Goal of the exercise
Lines from the beginning of the material below through the line that has "KEY STAT | China’s" are to be reproduced exactly, but pictures are not.

Supplied material
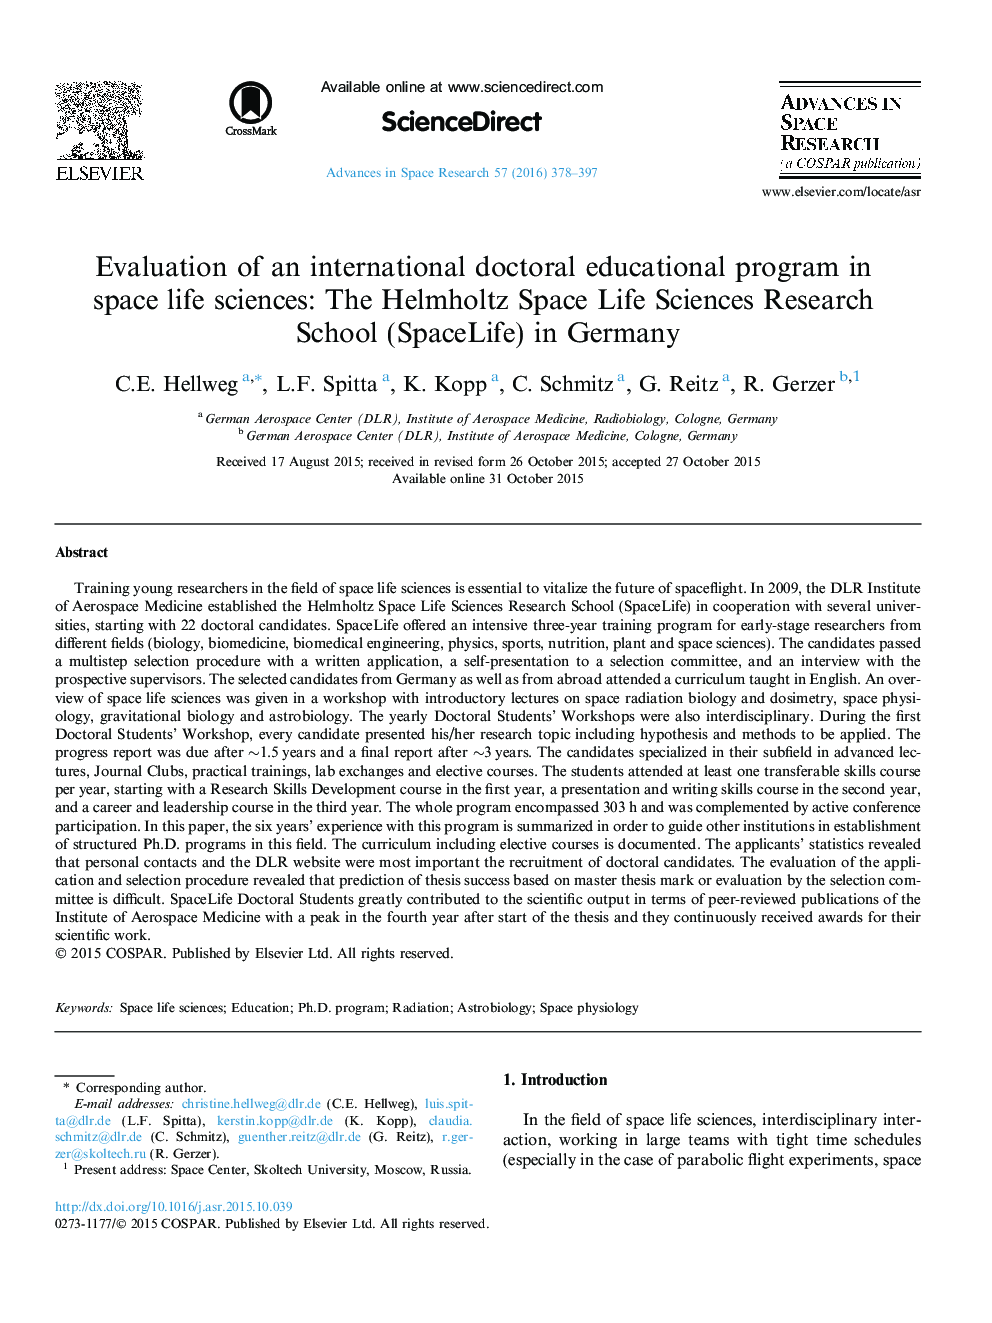 Evaluation of an international doctoral educational program in space life sciences: The Helmholtz Space Life Sciences Research School (SpaceLife) in Germany
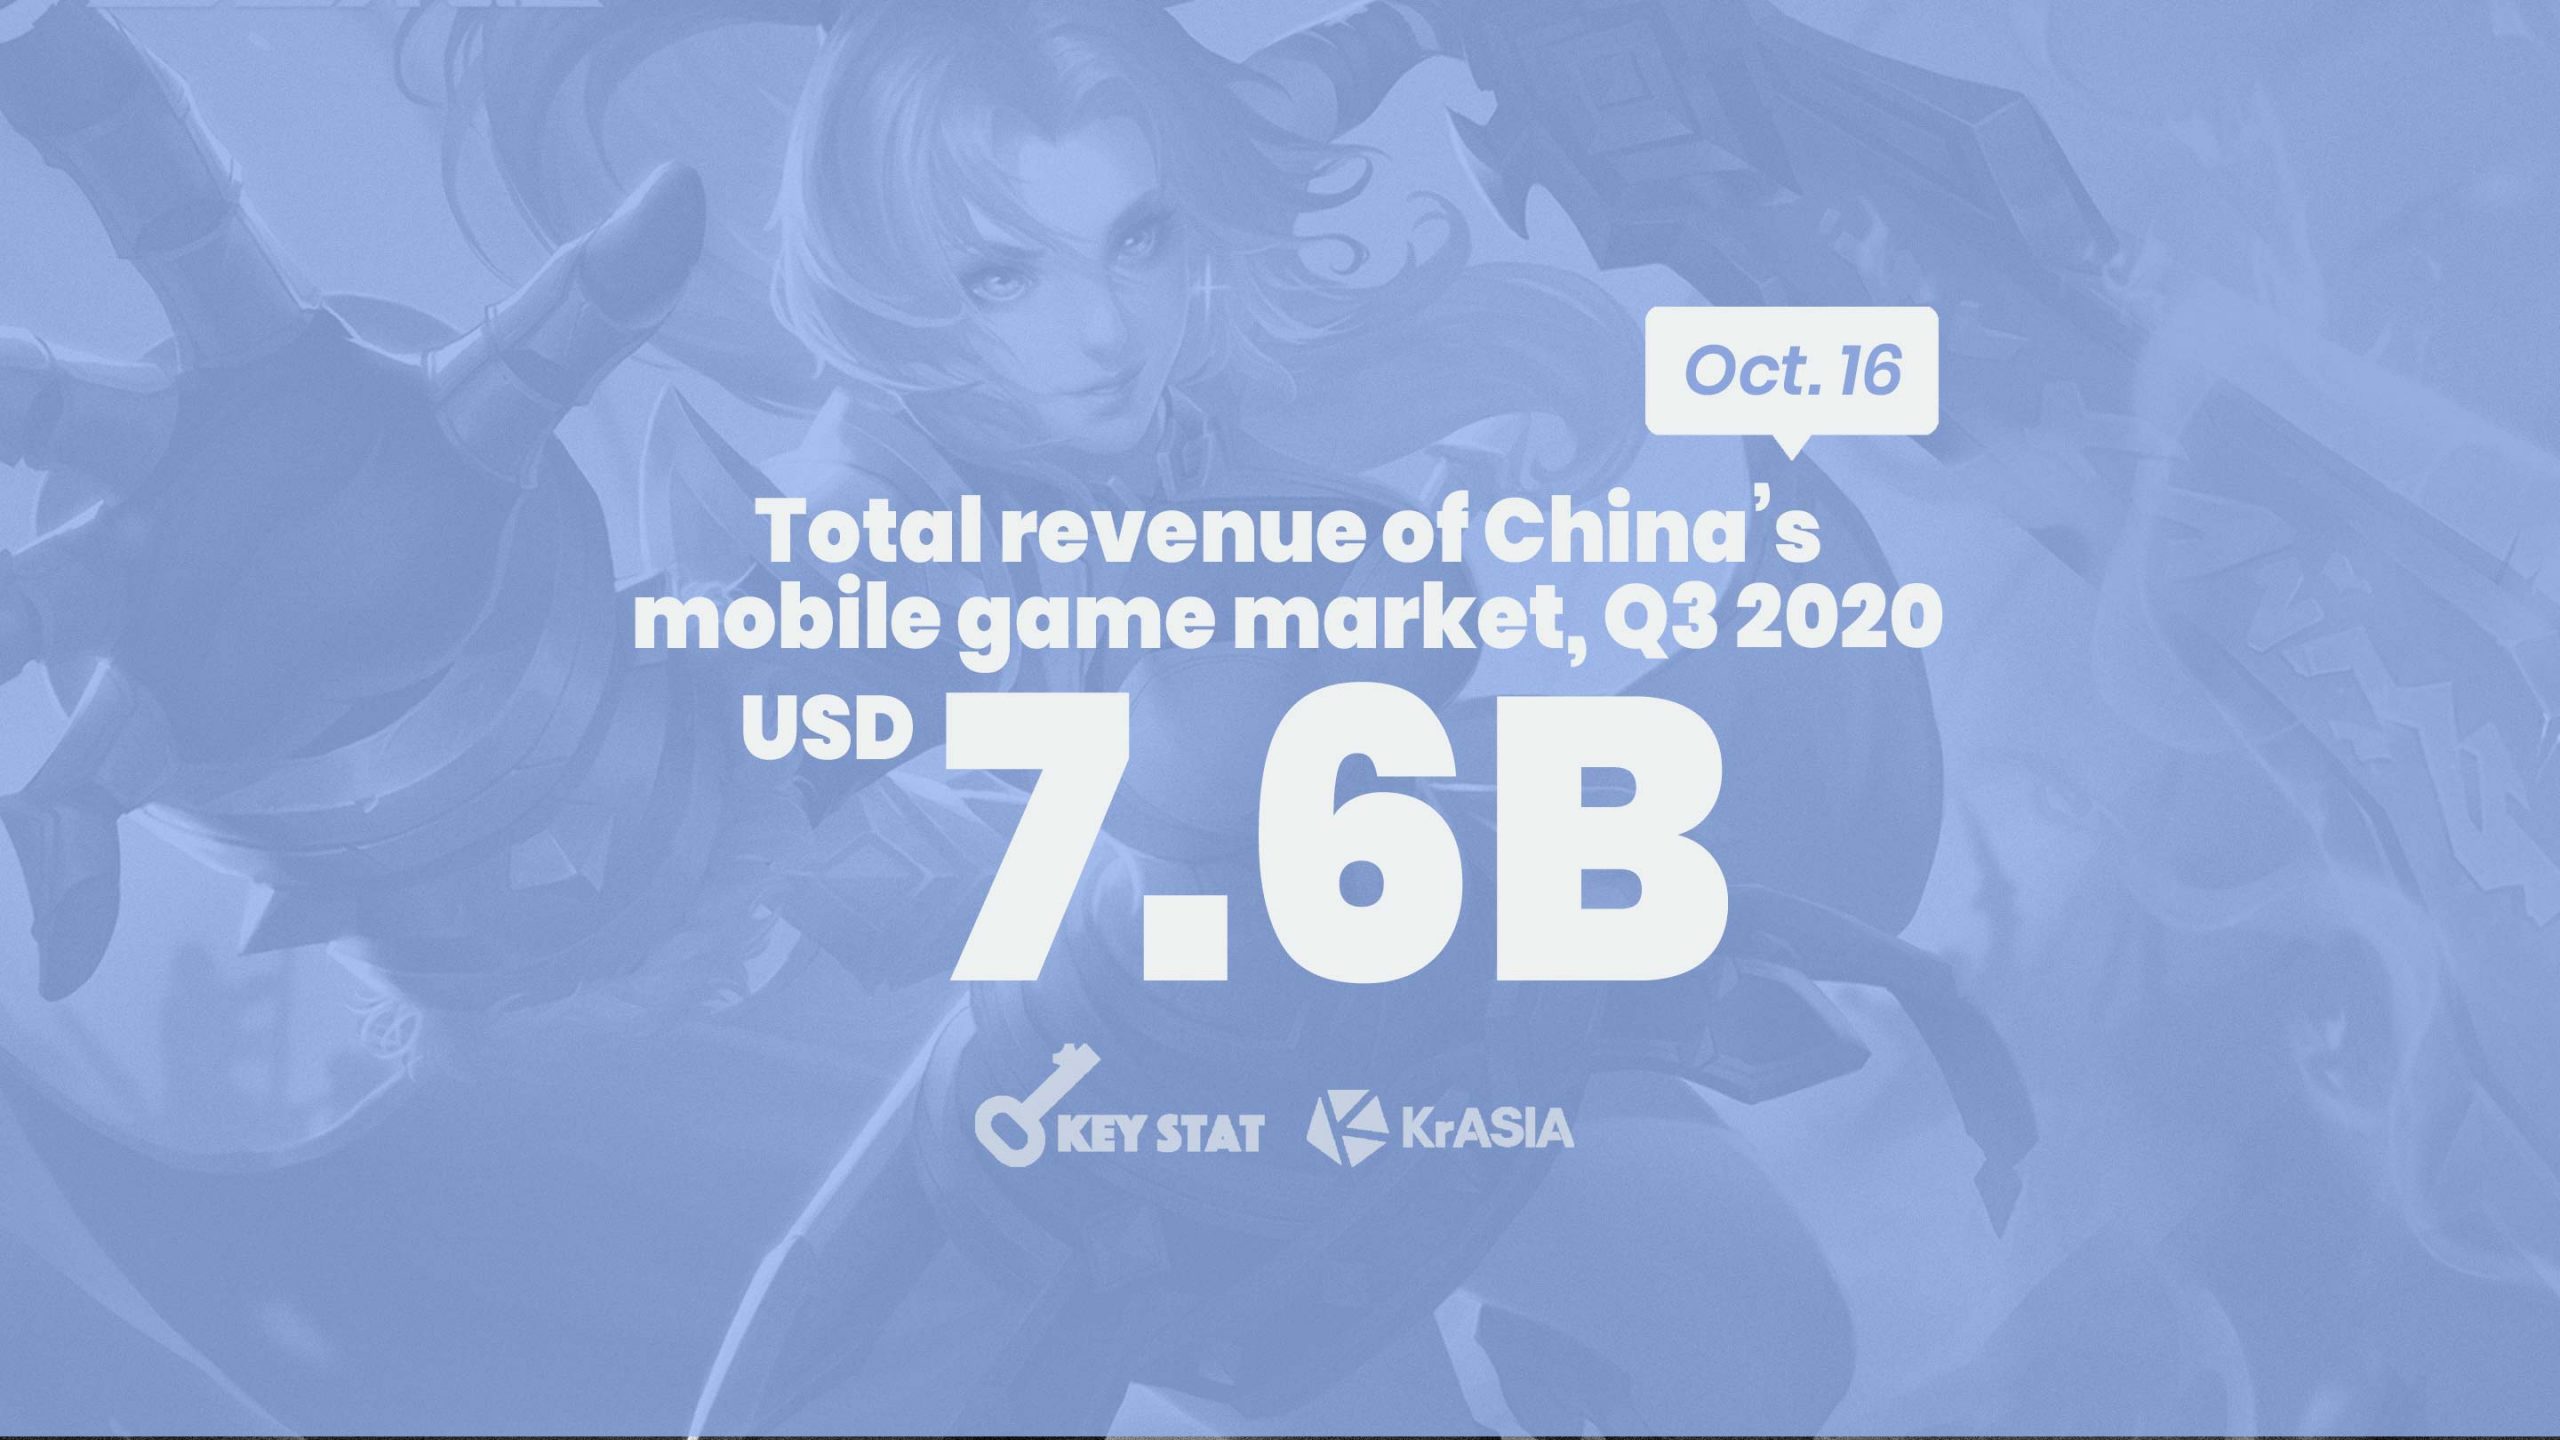 KEY STAT | China’s mobile gaming market observes strong revenue growth despite COVID-19
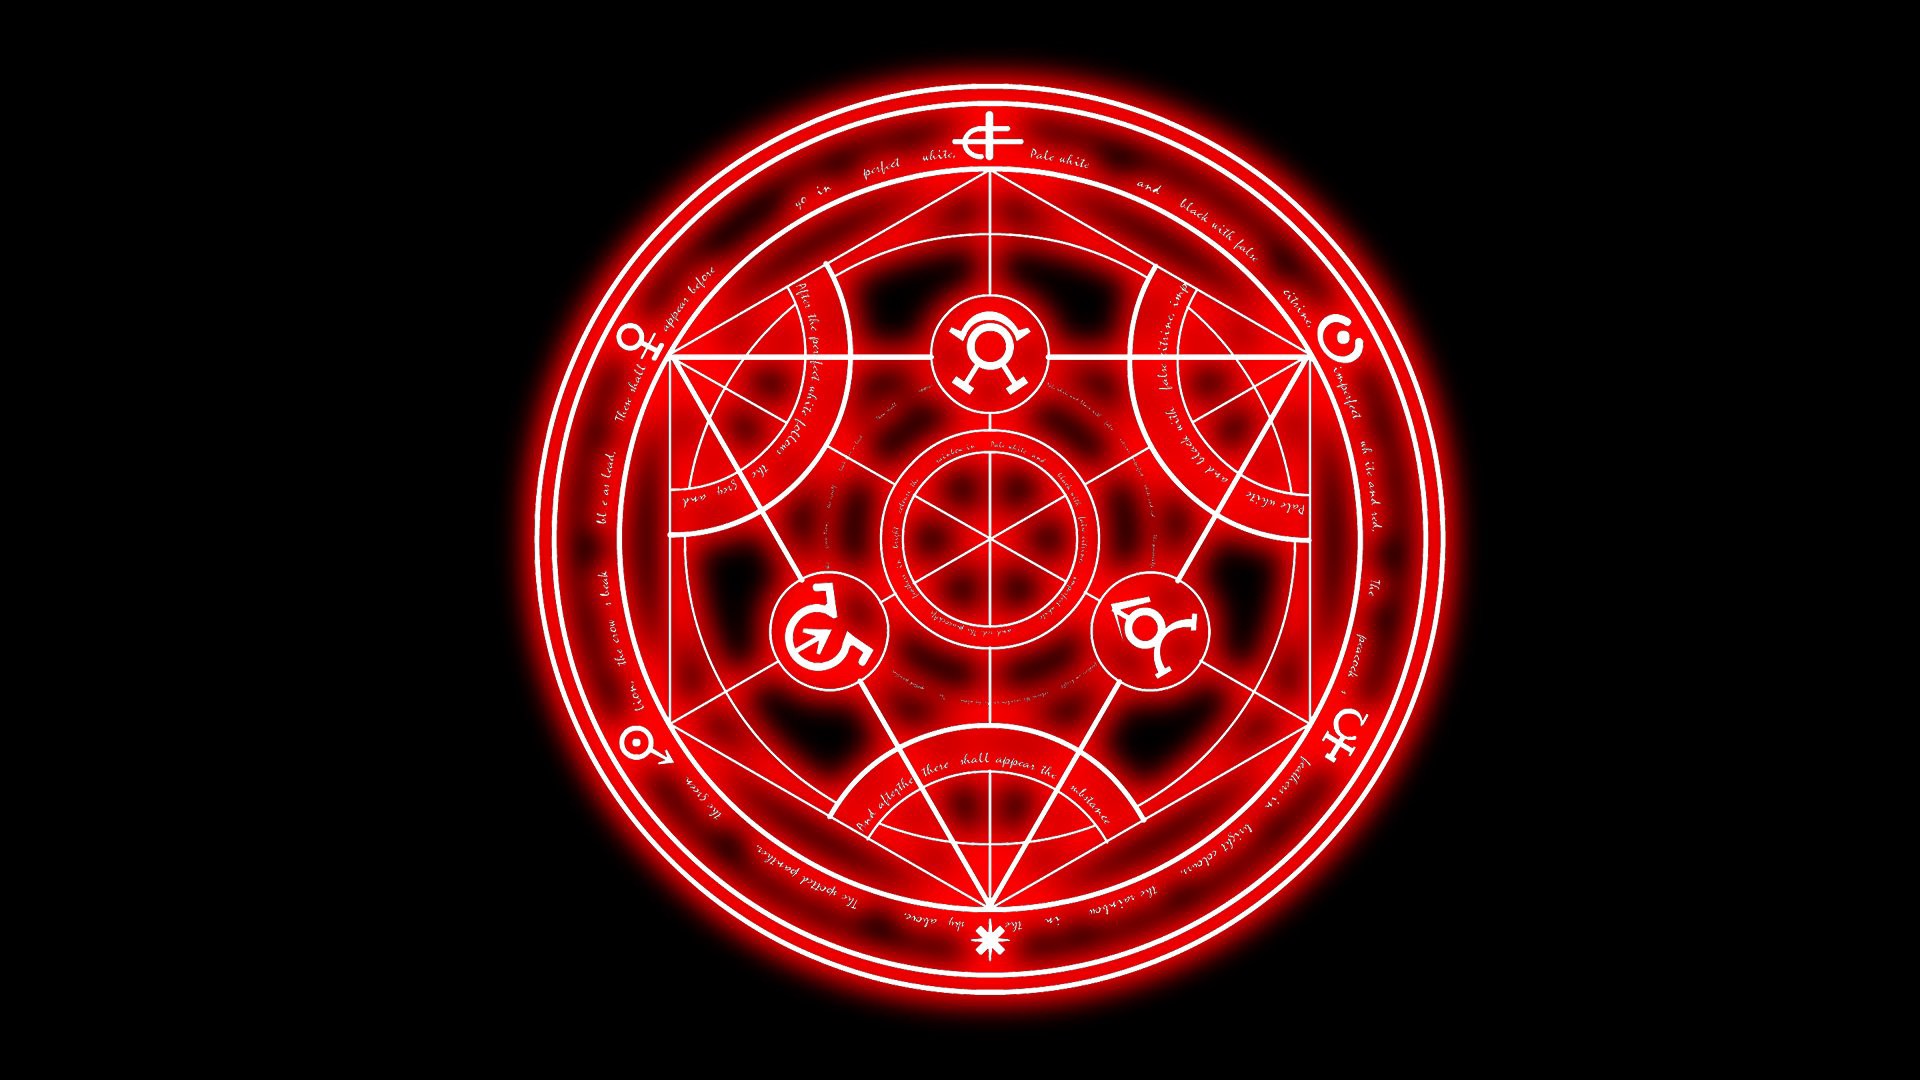 The Real Meaning Of The Truth In Fullmetal Alchemist: Brotherhood

Task result
 Evaluation of an international doctoral educational program in space life sciences: The Helmholtz Space Life Sciences Research School (SpaceLife) in Germany
 KEY STAT | China’s mobile gaming market observes strong revenue growth despite COVID-19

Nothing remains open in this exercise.